Chapter Sixty-Seven – Tank You (For The Sandwiches)
byChapter Sixty-Seven – Tank You (For The Sandwiches)
“When it comes to at-home self-defence, the popular option, for years, has been a handgun in a safe. We think that’s slow, and unlikely to scare off the prepared bandit.
Our solution?
The self-defence pillow frag!”
–Failed Advertising campaign for at-home high explosives, 2045
***
I wasn’t sure if I should have been disappointed or not, but the first attack against the convoy as it was moving happened so quickly and was dealt with so rapidly that I didn’t even have time to get out of the mobile base before it was dealt with.
The attack hit our right flank, just as we were nearing one of the many little rivers cutting across the landscape. There was an old cement bridge crossing the river, maybe forty metres long. Not even a proper suspension bridge or anything, just a plain old boring thing.
The aliens came out from the side of the bridge, launching themselves out of the brush and rushing at our front flank.
The computer on the mobile base quickly made a headcount and marked out something like half-a-hundred model threes and twice as many model ones. There was a sprinkling of bigger models too, tankier ones, and some of those tentacled fucks.
The tanks came to a stop, then started to rotate their guns to the right.
Then Tankette got involved, circling around and ahead of the formation so that she could aim back at the swarm. She opened up on the lot of them and turned the enemy into so much swiss cheese.
I was left chewing on my sandwich (she’d cut them at an angle, then flipped one half around so that the sandwich looked like a little heart in the box. She’d placed some baby carrots in the spaces left over too) while I watched aliens die in droves.
The boys on the roof were chatting over the coms while taking shots at the aliens in the lead. Once the tanks and support vehicles right behind had the aliens in sight, it was all over.
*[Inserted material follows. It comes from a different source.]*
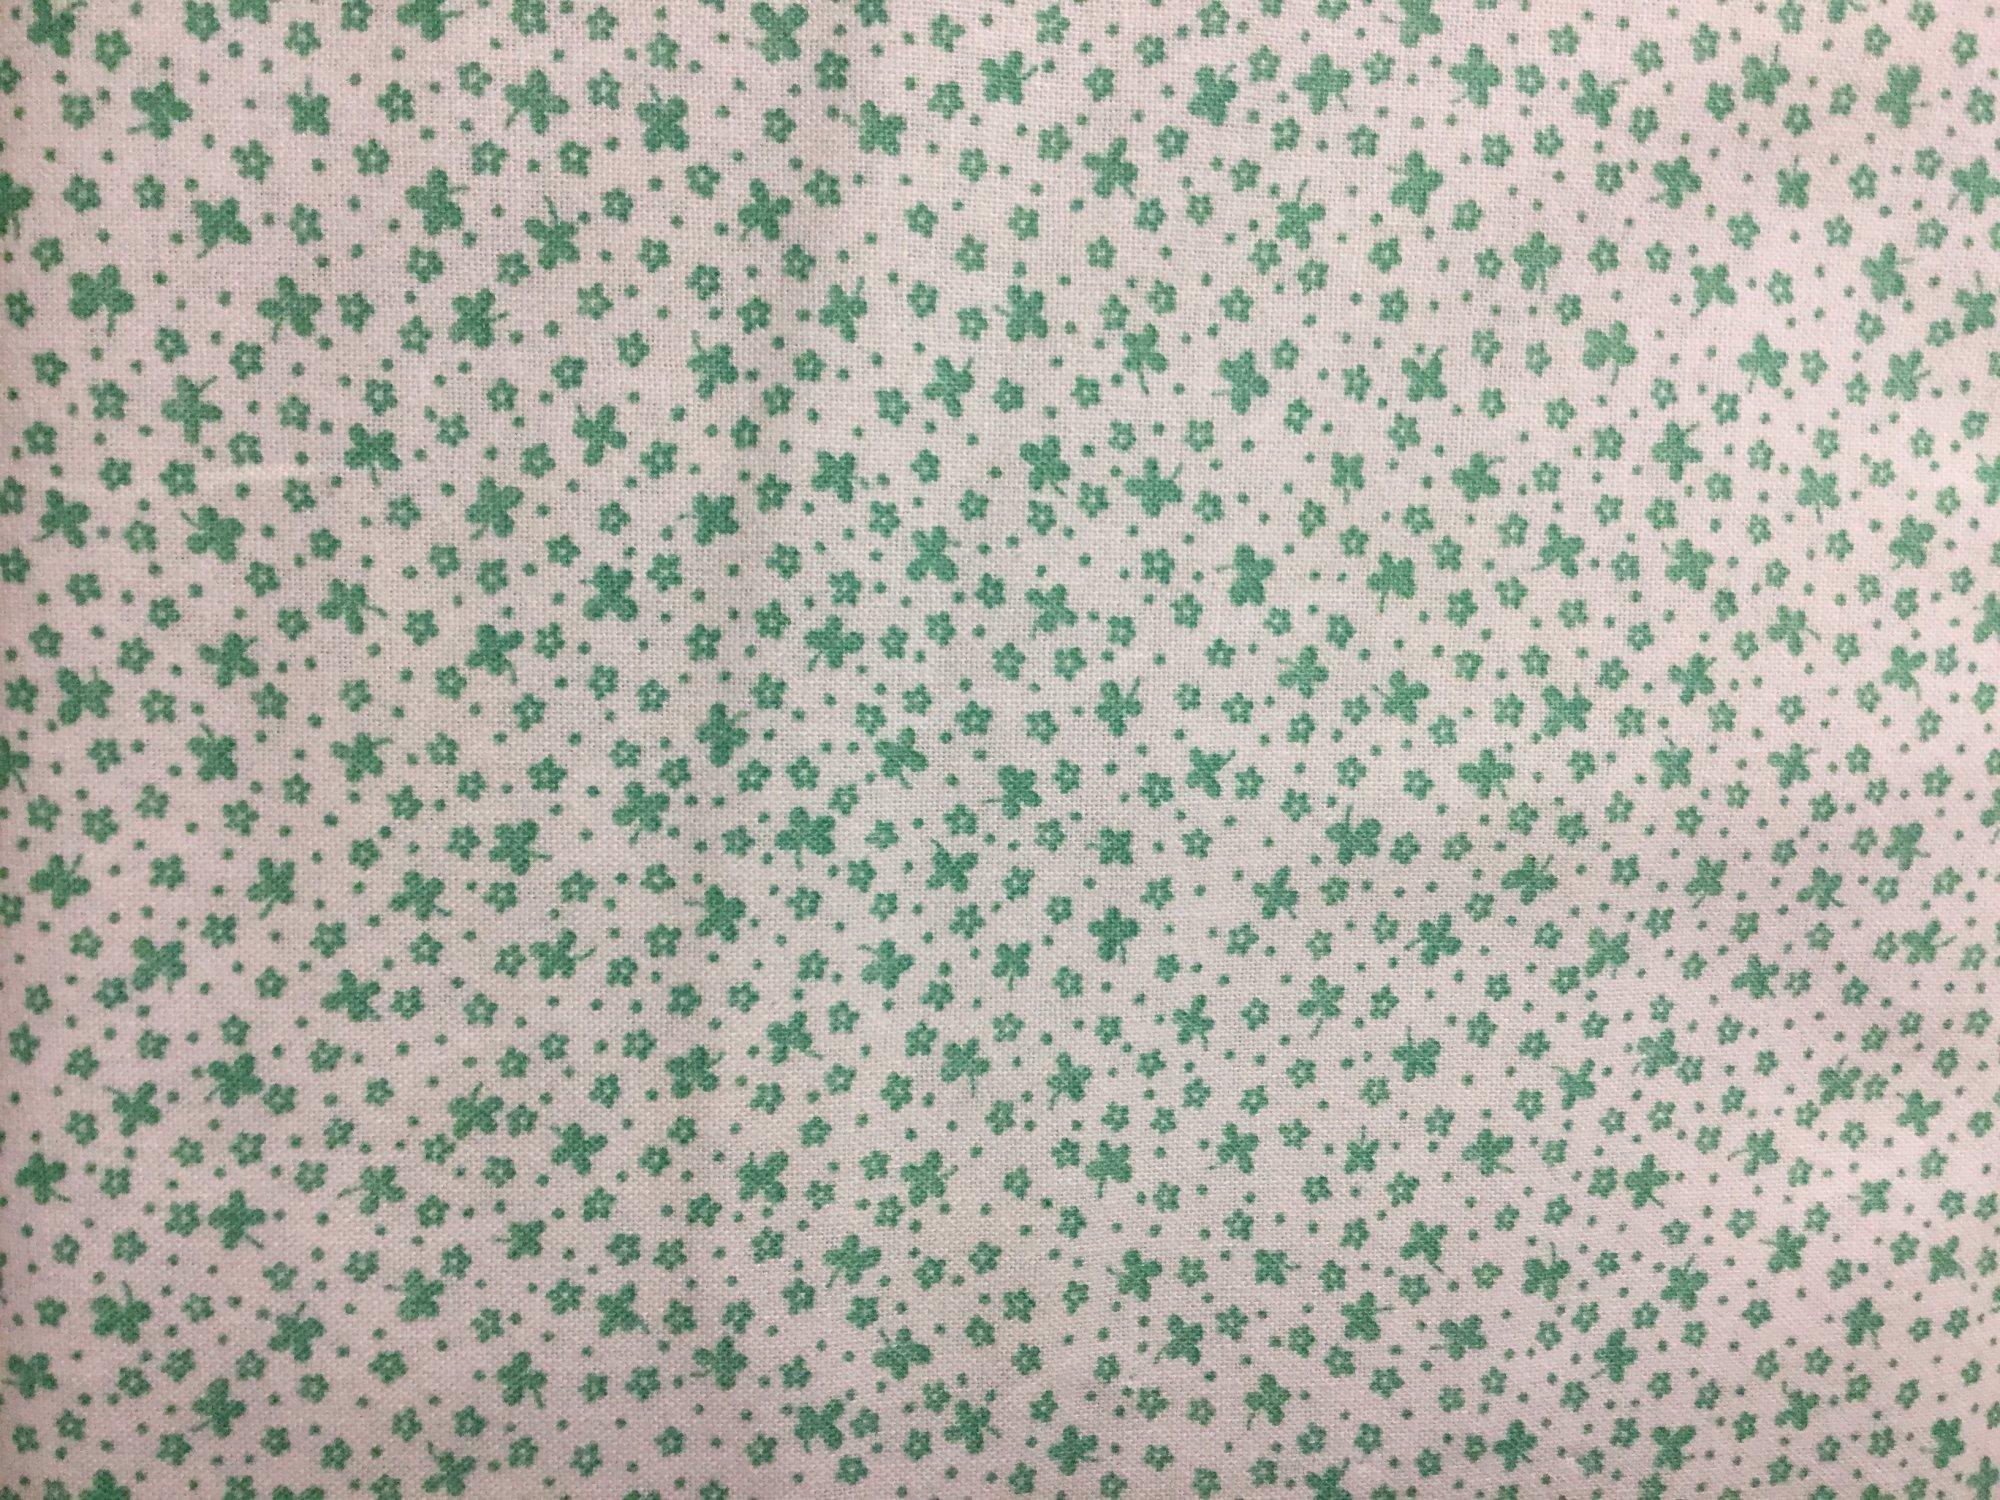 Green on cream 1970

Multiple criss-crossing lines of machine gun fire was a pretty text-book counter to a charge.
The thing that surprised me the most was the reaction to the flying models. Someone opened up on them with a repeating net launcher. The shots would go out for a few metres, then explode outwards into a net some three or four metres wide. The model ones in the net’s path would get smacked out of the air by the net as it came back down, and it looked like maybe the netting itself was sharpened.
Once the last gun went quiet, I waited a beat, then opened up the ‘all’ coms. “Well done, everyone,” I said. “But let’s not party too soon. Keep your eyes open as we cross the bridge. Good reaction out there, Tankette.”
“Thank you,” came Tankette’s rather shy reply.
“She’s pretty good,” I said as I cut off the coms. “What kind of gun is that tank of hers rocking?”
Gomorrah glanced to the side, head tilting slightly. “Looks like a 25mm main gun, and a 5.56 NATO-standard secondary gun. Basically a small cannon and a gun with the same calibre as a basic assault rifle.”
“Huh,” I said. “Well, I guess with a tank that small you can’t have a big gun mounted. I mean, still bigger than what you could carry on your own.”
She could probably reload just by buying more ammo from her AI, so that’d save her a lot of trouble.
“I’m sure we can do better!” Princess said. “Just wait, Knight and I will prove ourselves!” She pumped a fist into the air. Knight just shifted slightly from side to side next to her, clearly feeling about as awkward as someone wearing full plate could feel.
“You’ll have your chance soon enough,” I said. I hoped that was right, because Princess kept edging her way around the central hologram tank in the middle of the command room. I was edging my way around her, and so far we’d gone around the entire table twice.
I didn’t know what this chick had going on for me, but I was pretty sure I didn’t want any of it.
“Hey, maybe we could stick you and Knight with Gomorrah? She’s a fantastic samurai. I bet she could show you all sorts of tricks.”
Gomorrah’s head snapped up and she looked my way, then towards Princess. “Princess, is that suit of yours flame retardant and fireproof?”
“Uh, no?” Princess said, sounding pretty damned uncertain.